Panelists also stressed that getting the story first matters more than ever for hyperlocal media organizations. DNAinfo has seen stories go national and international; GoLocal24 has broken three stories that generated federal investigations in Providence, R.I.,  and its ranking of all the hospitals in New England garnered a million page views.

Aggressive social media is key for Fenton as well, as are media partnerships (with Clear Channel, Entercom, PBS, GoGo Cast). For Fenton, whose Providence page views are up 500%, attracting midsize advertisers and being able to be responsive to advertisers at all levels is essential. That is not to mention the most basic notion of all: “You’ve got to get an audience. You’ve got to build a loyal audience. It’s no different from television or radio or anything else.”

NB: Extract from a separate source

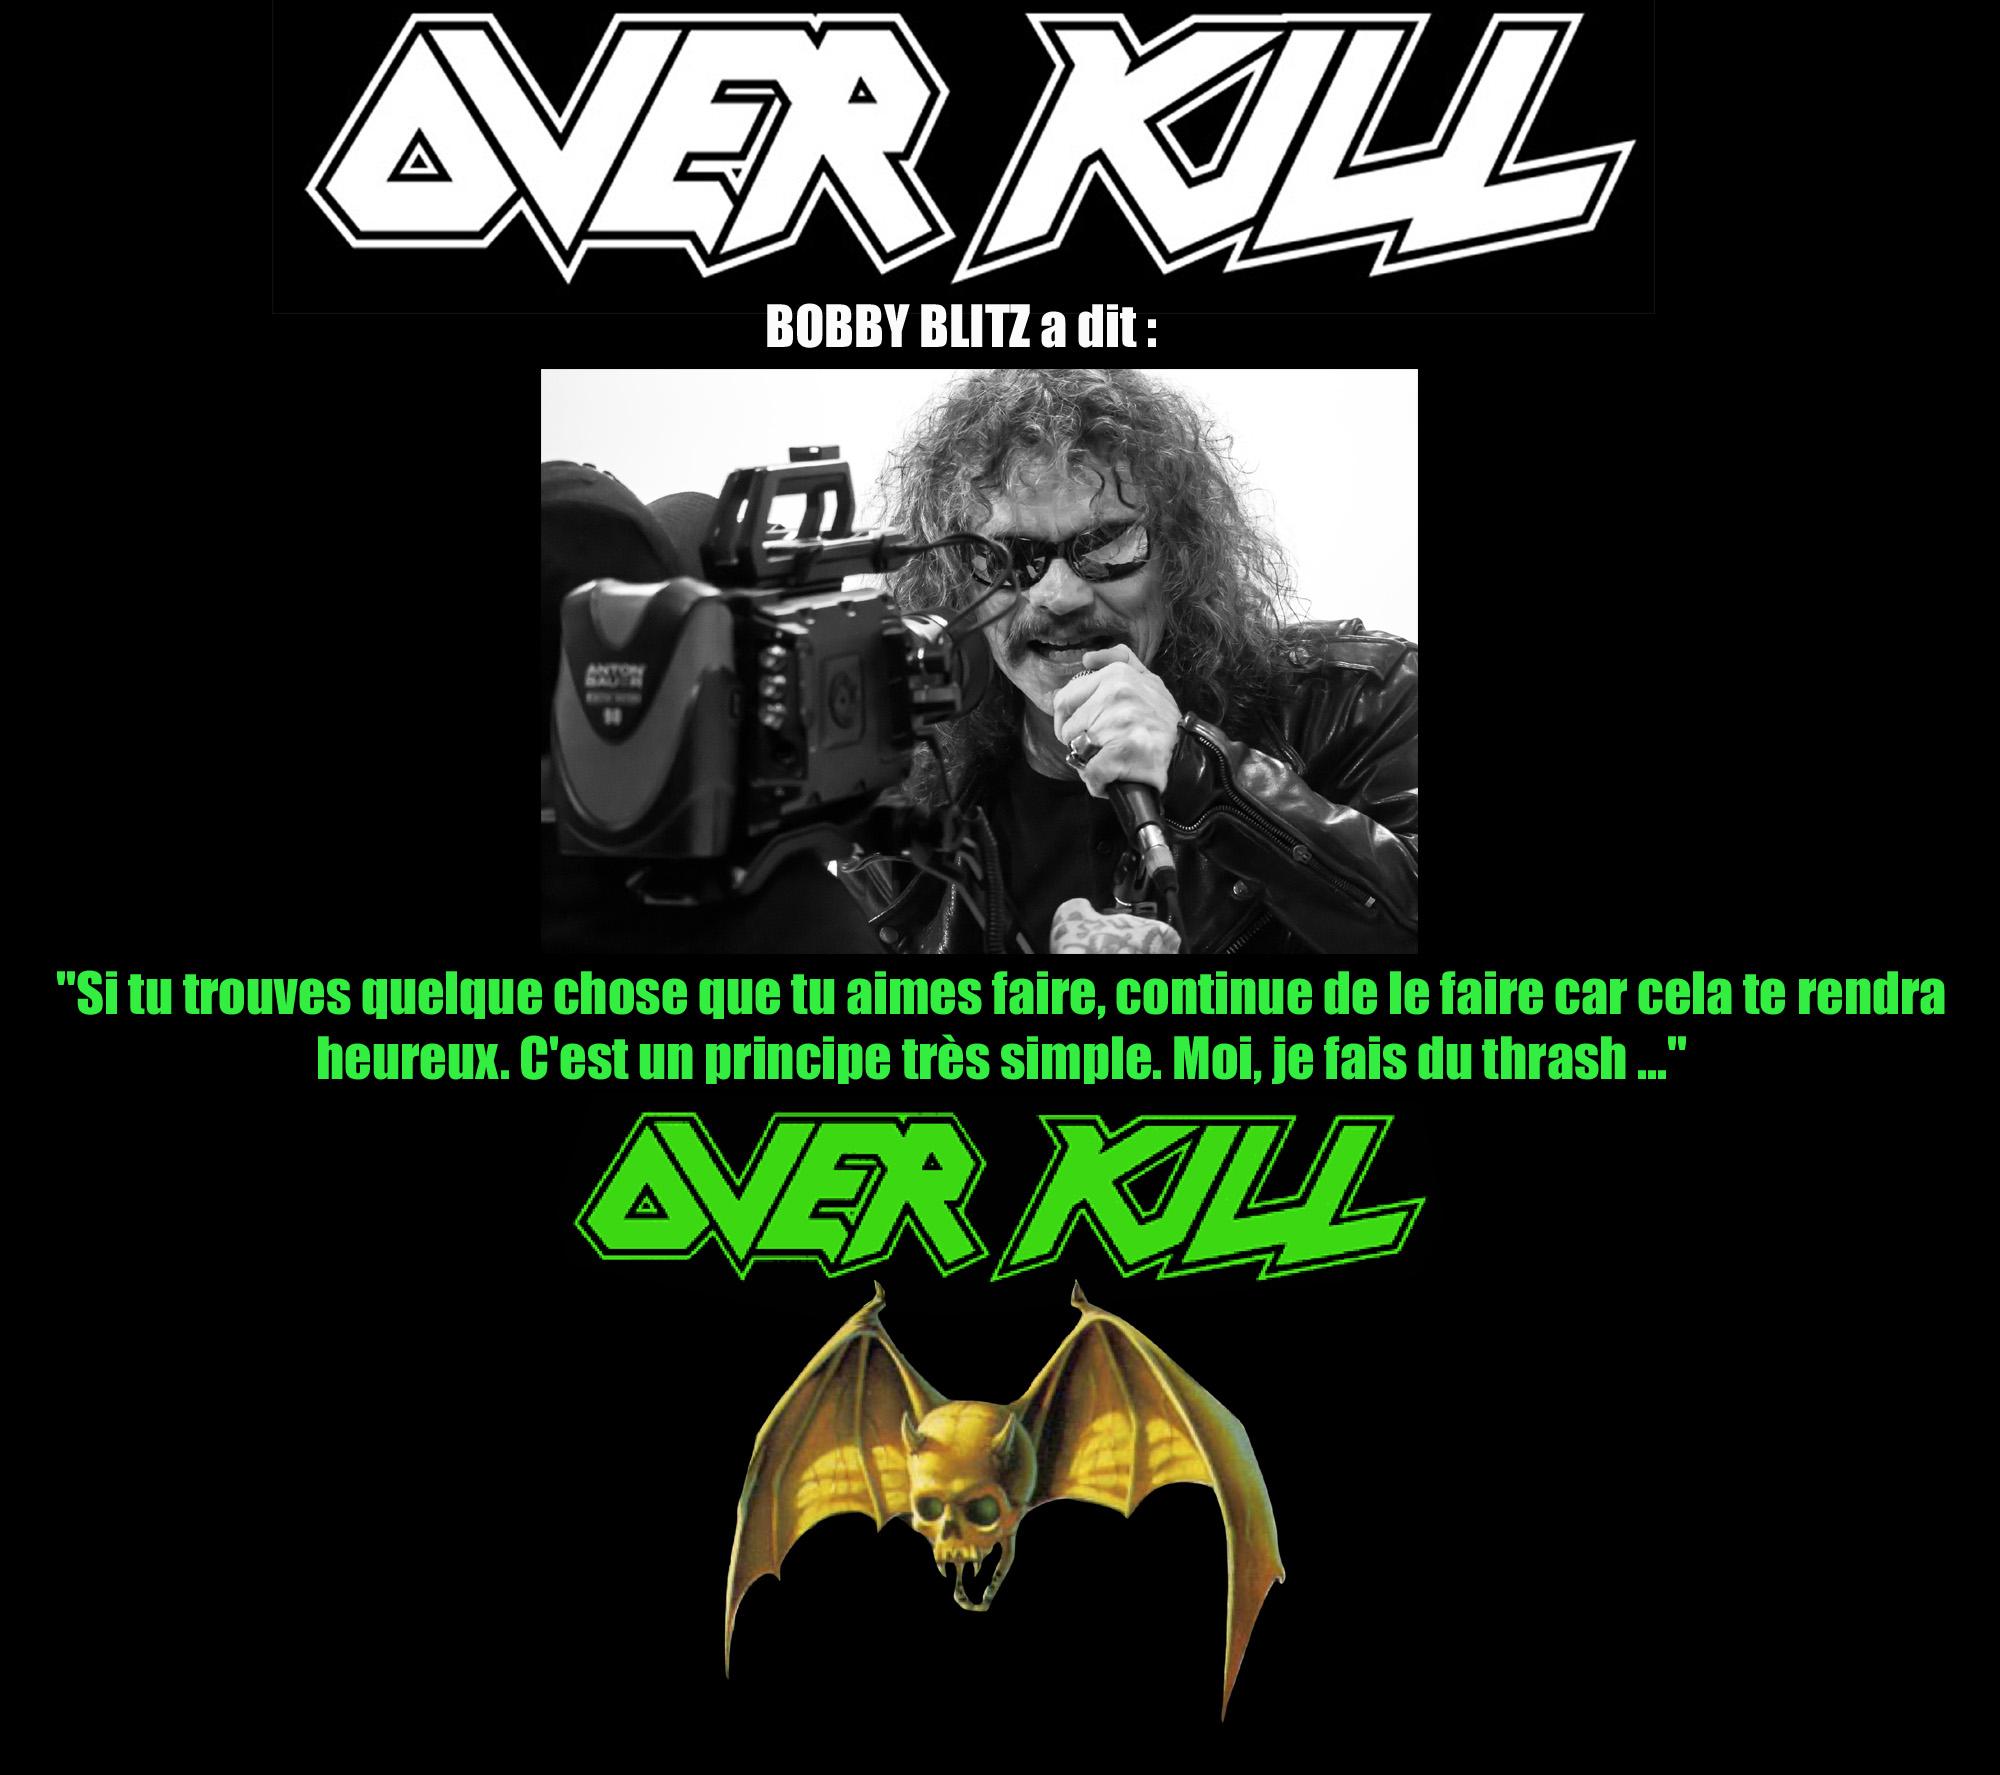 BOBBY BLITZ (Overkill) a dit ... sur l'envie de faire les choses Sans_218

Amid the hemorrhaging of media jobs in New York and worldwide, what’s the prospect of a renewed labor market in new media? De Kretser, who poached her managing editor from the Chicago Sun-Times, is a fan of citizen journalism — and thinks it’s an essential complement to paid writing — but ultimately looks for staffers who both write well and breathe social. Fenton has found that daily newspaper writers can’t always keep up with the constant demand for copy.

As De Kretser put it: “A story’s a story. If it’s interesting, it’ll do well.”

And it serves a social good, too: “If you don’t have a functioning press, you have a hard time having a democracy,” as Fenton reminded the audience.

Just make sure you have a Tumblr account.